Toy Stories: Part 1

While researching and writing the story of my ‘lost’ London ancestors in my blog A London Family, I published a post entitled Of Lost Toys and Mothers which compared the childhood of my London-born father with that of my Scottish mother. My father’s experience of being a wartime evacuee in Surrey then Somerset (see East Coker) was very different from that of my Edinburgh-born mother, ten years his junior. Even though my mother went to live in the countryside outside Edinburgh with my grandmother for a few months early on in the war, she was an infant at the time and thus has no memories of that period. Not only that, but my grandmother had simply to take her baby daughter several miles out of the city to the village of Roslin, where her older sister Bessie lived with her miner husband and two young sons.
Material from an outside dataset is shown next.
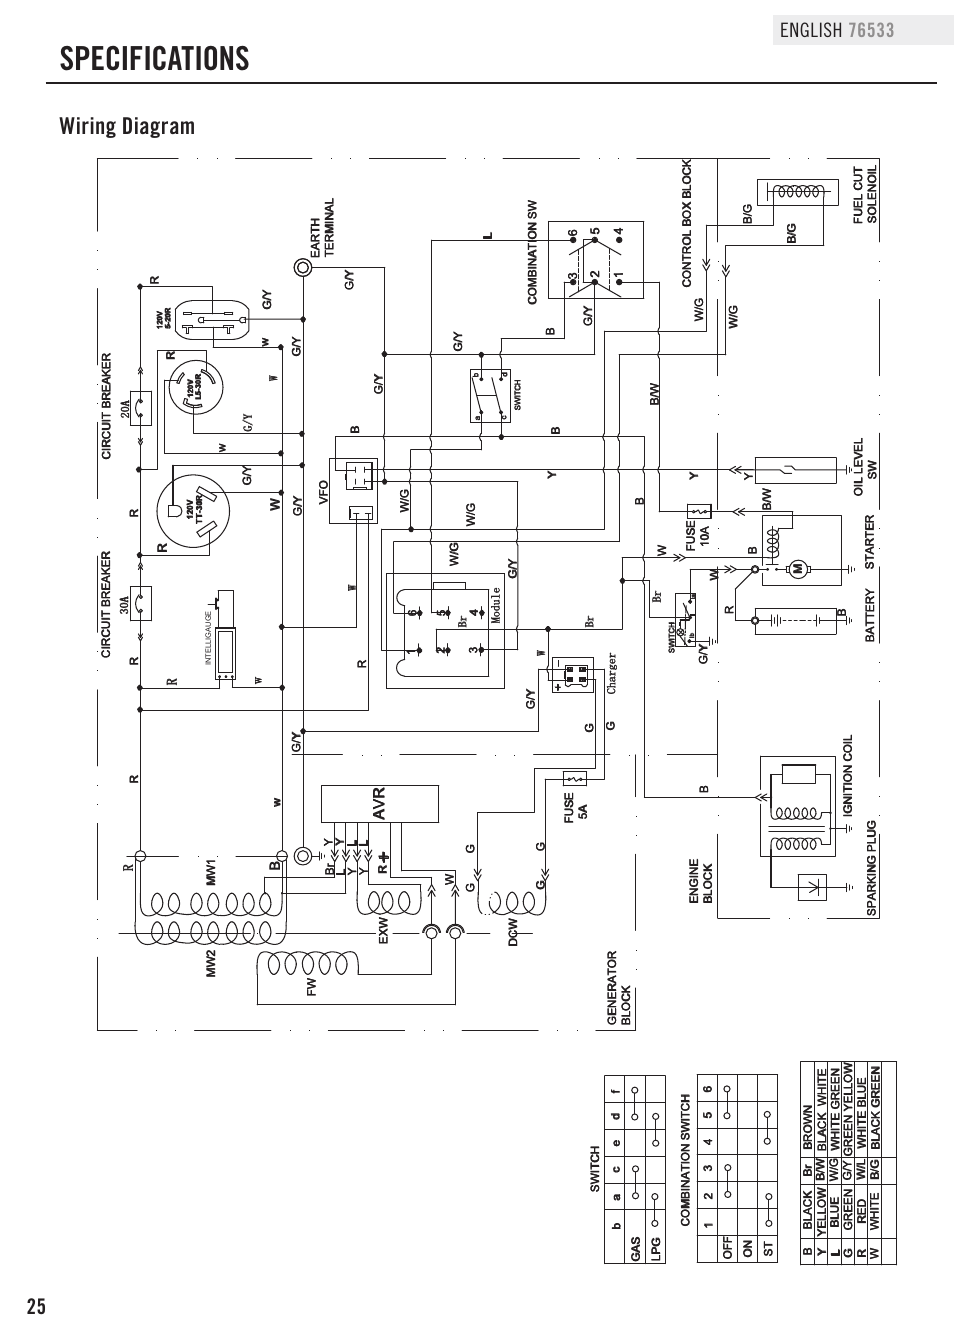 Specifications  Wiring Diagram
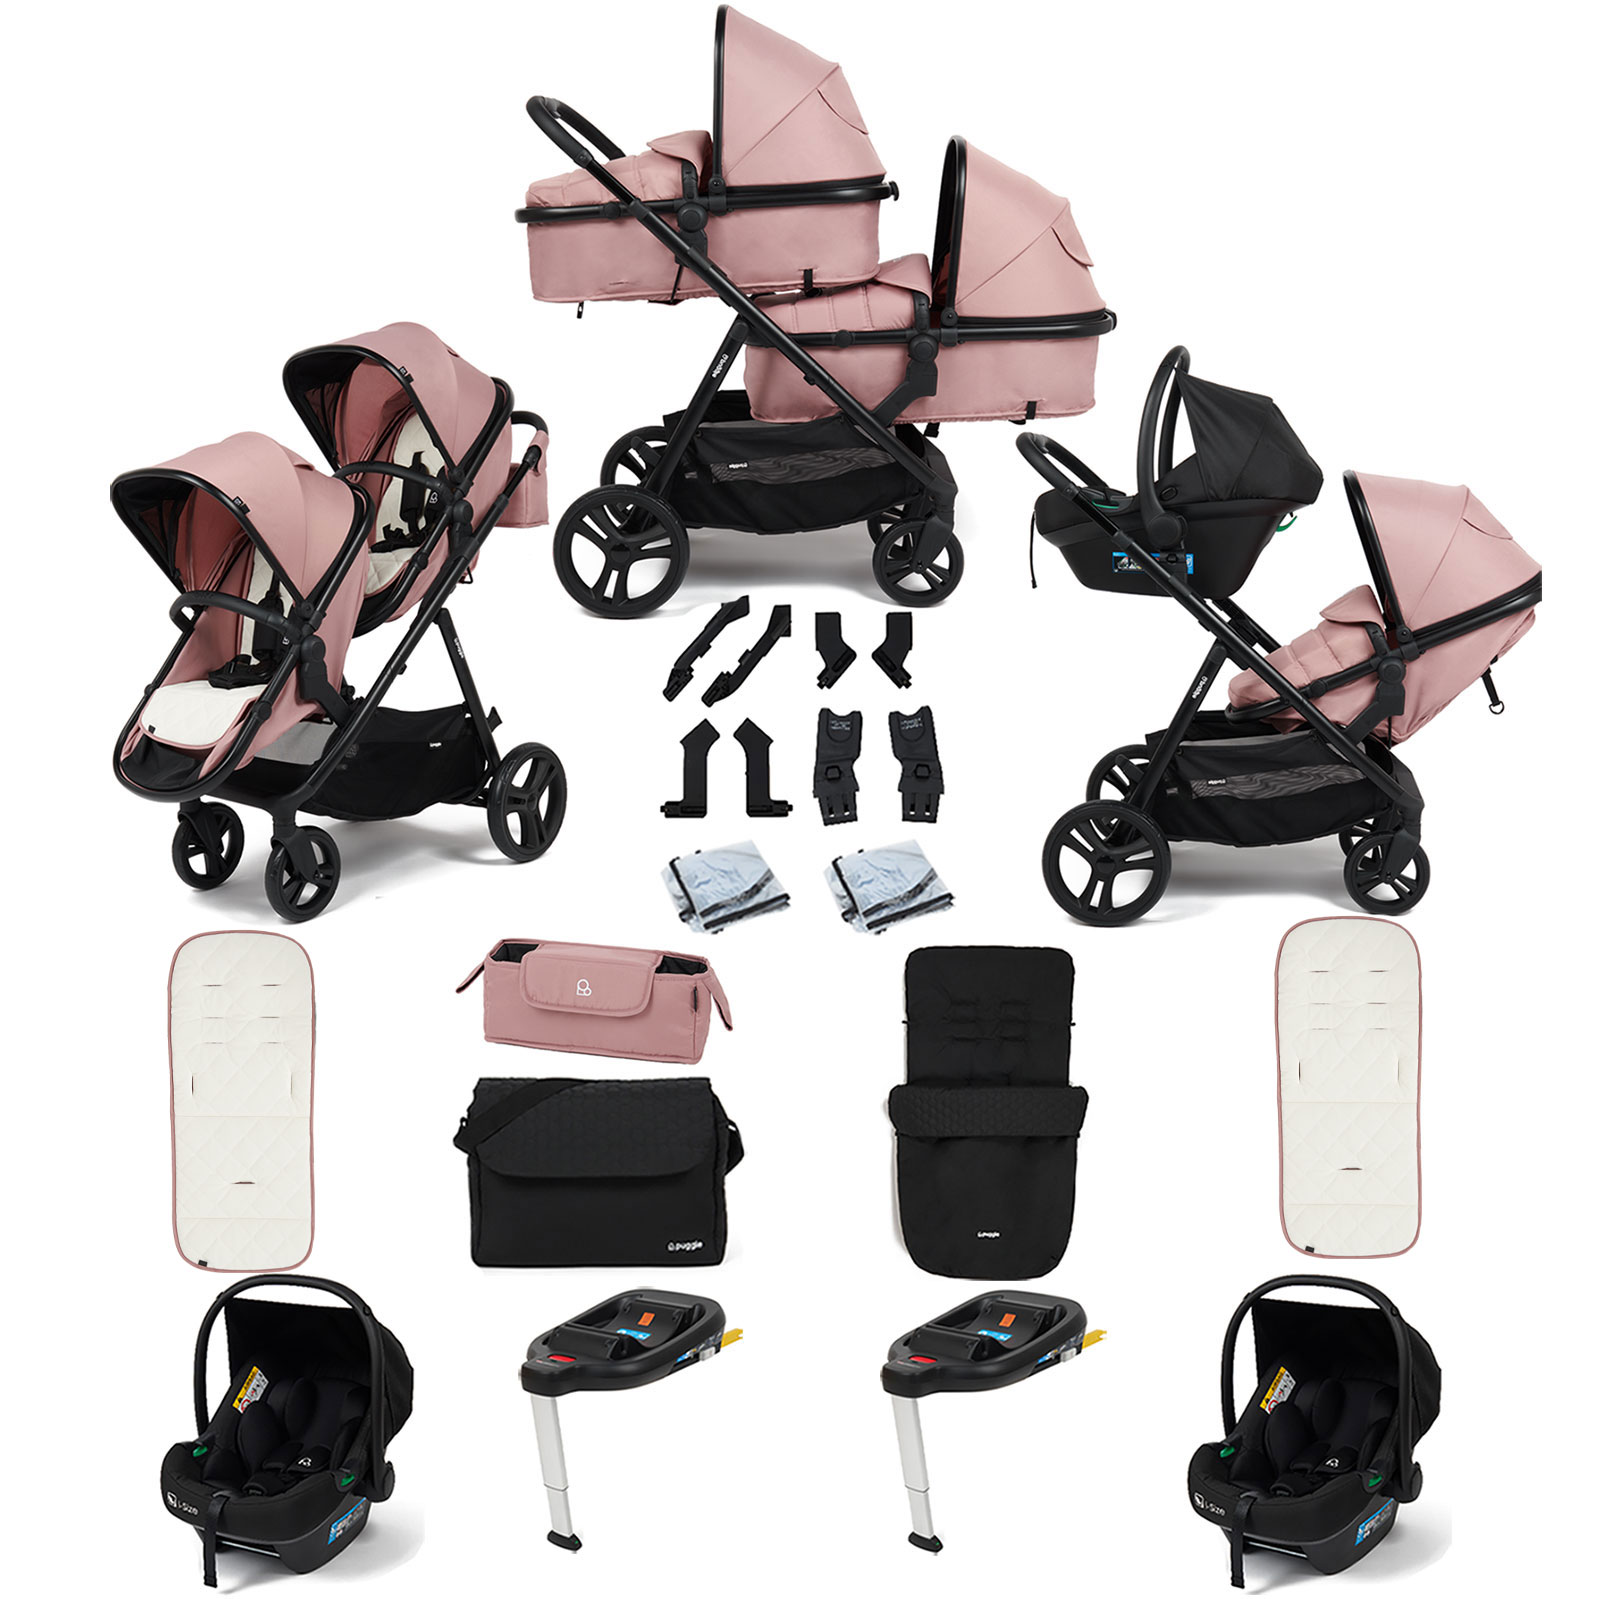 Puggle Memphis 2-in-1 Duo Double Travel System with 2 i-Size Car Seats, 2 ISOFIX Bases, Footmuff and Changing Bag - Dusk Pink

It was certainly much less of an upheaval than the four years my father and his siblings spent with their mother in East Coker, living with strangers, with my English grandmother trying to eke out a living by undertaking odd jobs in the locality.

As I pointed out in Of Lost Toys and Mothers, my father and his siblings ‘lost’ their childhood toys when their London home was partially damaged in a bombing raid and the contents stored with relatives who lived nearby. When my paternal grandfather later went to retrieve the items, he quarrelled with that branch of the family and never spoke to them again. Later my aunt told me she suspected they had been using the furniture in their own home, a fact which had angered my grandfather, who was prone to irascibility.

When writing Of Lost Toys and Mothers, I also mentioned my Scottish family, stating that: I remember once when I was staying with my Scottish grandmother after she had been widowed, and my mother had helped her clear out a cupboard built into the floor of the cloakroom in the hall (or lobby press, as we called it). This had always been my grandfather’s domain (being dark and dusty and full of spiders), and when my mother took it upon herself to rummage about in the space she found a cornucopia of old toys, many of which she’d been bequeathed from older relatives, including a bisque doll given to a soldier uncle by a French family in France during WW1, a metal spinning top, and a couple of strange wooden objects we had to be taught how to use! This also spurred my Scottish grandmother to reminisce about her favourite childhood games – including the metal hoops that she and her siblings played with in the street (which seem to be the ubiquitous image of turn of the century childhood). I vowed then that I would never let my favourite childhood toys languish in an attic or basement space.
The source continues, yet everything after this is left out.